# What the task asks
Show every line of the material that follows in which the word "Originals" occurs.

# Exercise materials
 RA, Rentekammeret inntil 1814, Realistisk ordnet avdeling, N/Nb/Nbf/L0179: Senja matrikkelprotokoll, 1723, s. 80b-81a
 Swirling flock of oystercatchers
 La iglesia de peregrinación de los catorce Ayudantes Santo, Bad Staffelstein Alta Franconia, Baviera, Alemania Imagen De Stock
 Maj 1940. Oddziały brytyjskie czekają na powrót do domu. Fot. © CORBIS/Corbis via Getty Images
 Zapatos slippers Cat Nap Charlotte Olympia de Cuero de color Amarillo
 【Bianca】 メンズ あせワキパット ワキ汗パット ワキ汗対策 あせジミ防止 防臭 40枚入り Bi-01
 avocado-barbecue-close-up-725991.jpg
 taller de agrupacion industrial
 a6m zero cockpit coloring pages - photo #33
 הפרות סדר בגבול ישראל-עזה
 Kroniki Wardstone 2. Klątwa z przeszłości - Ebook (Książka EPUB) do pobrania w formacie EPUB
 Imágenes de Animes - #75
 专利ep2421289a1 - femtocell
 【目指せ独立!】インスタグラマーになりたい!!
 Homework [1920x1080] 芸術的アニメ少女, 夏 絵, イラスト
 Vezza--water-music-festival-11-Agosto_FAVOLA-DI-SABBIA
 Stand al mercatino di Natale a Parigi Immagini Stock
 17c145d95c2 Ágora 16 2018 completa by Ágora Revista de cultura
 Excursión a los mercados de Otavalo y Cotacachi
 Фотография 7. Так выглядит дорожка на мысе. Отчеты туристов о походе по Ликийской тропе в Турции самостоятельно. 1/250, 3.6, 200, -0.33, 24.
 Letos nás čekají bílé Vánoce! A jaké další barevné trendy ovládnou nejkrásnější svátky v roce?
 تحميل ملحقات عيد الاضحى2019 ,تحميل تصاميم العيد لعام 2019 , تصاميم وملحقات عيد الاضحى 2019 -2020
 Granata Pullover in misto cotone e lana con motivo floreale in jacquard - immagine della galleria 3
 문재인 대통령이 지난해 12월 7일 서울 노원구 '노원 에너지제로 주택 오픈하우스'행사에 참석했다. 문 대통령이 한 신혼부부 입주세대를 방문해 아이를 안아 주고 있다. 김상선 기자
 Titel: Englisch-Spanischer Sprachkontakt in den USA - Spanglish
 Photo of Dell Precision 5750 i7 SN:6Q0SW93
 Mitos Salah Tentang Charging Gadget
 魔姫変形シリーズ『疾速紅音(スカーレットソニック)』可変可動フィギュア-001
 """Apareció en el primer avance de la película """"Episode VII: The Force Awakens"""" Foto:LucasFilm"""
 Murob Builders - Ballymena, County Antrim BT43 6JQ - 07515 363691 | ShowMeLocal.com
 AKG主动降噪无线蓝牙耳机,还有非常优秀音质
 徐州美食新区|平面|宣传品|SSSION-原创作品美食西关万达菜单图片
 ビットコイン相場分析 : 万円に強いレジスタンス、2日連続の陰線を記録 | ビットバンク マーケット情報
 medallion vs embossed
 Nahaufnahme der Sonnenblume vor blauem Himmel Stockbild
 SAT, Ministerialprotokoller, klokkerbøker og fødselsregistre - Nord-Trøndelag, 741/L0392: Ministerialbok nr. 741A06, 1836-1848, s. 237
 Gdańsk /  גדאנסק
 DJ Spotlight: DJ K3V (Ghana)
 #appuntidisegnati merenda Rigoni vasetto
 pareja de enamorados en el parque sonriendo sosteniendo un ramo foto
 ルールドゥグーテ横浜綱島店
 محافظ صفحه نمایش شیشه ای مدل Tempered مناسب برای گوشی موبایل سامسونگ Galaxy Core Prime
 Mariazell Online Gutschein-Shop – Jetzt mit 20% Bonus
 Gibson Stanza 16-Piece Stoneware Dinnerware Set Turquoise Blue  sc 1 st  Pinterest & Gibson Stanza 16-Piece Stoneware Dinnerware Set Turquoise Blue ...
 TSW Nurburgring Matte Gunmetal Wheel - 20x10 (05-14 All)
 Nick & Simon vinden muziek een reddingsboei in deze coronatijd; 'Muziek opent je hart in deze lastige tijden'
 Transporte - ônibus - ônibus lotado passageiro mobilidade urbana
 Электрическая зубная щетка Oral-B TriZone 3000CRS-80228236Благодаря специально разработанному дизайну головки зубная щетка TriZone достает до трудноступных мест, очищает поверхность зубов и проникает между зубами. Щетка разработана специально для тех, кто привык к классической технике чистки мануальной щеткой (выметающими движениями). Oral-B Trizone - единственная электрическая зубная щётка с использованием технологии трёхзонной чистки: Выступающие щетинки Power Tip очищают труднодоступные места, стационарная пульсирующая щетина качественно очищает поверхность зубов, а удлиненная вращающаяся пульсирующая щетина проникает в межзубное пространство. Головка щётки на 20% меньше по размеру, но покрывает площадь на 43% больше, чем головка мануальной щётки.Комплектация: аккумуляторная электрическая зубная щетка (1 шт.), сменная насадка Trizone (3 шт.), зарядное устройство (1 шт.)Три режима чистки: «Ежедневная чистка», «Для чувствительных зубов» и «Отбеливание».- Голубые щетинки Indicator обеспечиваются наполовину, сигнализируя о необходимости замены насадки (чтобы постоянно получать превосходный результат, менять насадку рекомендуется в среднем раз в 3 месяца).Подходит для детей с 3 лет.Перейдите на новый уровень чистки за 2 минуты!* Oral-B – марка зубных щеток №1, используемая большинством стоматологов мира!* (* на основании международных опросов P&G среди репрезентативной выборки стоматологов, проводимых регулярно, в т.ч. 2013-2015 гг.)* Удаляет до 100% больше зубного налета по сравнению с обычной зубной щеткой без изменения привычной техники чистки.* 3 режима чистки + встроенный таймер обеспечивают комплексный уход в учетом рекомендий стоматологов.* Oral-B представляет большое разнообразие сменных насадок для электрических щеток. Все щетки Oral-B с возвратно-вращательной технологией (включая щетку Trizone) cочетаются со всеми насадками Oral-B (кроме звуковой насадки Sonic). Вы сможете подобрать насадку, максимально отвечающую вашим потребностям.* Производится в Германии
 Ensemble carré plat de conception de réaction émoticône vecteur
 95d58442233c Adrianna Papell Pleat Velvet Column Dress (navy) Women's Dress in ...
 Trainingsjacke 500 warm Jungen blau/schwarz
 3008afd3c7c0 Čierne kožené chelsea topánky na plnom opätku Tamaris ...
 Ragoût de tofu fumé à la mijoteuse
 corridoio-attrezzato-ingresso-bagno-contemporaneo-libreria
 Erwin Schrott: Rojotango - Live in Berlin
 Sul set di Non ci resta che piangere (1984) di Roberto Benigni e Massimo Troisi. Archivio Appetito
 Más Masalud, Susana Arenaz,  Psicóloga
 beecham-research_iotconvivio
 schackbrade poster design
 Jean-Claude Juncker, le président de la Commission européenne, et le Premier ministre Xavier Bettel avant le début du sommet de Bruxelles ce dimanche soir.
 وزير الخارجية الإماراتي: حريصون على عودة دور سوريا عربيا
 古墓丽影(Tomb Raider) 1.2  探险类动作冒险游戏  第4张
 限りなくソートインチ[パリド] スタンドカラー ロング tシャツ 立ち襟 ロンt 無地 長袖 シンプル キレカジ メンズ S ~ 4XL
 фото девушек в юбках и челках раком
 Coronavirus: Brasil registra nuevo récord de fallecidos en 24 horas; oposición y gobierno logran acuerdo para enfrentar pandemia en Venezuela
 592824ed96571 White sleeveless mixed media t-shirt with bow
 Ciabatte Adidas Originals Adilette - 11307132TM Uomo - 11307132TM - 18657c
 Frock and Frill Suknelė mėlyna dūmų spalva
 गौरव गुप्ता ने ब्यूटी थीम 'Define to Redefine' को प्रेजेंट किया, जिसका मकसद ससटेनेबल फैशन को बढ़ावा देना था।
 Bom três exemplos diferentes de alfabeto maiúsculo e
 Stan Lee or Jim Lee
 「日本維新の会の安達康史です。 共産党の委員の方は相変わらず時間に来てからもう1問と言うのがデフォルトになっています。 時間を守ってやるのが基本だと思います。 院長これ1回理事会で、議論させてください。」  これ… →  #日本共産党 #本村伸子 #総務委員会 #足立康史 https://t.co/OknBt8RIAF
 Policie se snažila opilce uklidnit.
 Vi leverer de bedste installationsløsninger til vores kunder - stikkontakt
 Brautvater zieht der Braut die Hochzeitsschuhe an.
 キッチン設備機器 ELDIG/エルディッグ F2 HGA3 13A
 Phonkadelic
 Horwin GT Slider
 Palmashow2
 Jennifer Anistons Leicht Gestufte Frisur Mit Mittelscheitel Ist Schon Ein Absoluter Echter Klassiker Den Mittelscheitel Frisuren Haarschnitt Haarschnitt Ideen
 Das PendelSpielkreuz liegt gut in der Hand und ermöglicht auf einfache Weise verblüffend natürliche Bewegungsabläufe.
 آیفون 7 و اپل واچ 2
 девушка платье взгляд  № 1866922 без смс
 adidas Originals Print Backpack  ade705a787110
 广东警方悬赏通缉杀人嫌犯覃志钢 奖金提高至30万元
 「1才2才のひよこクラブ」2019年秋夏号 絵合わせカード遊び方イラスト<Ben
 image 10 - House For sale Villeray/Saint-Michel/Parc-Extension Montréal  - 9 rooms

# Written solution
 Ciabatte Adidas Originals Adilette - 11307132TM Uomo - 11307132TM - 18657c
 adidas Originals Print Backpack  ade705a787110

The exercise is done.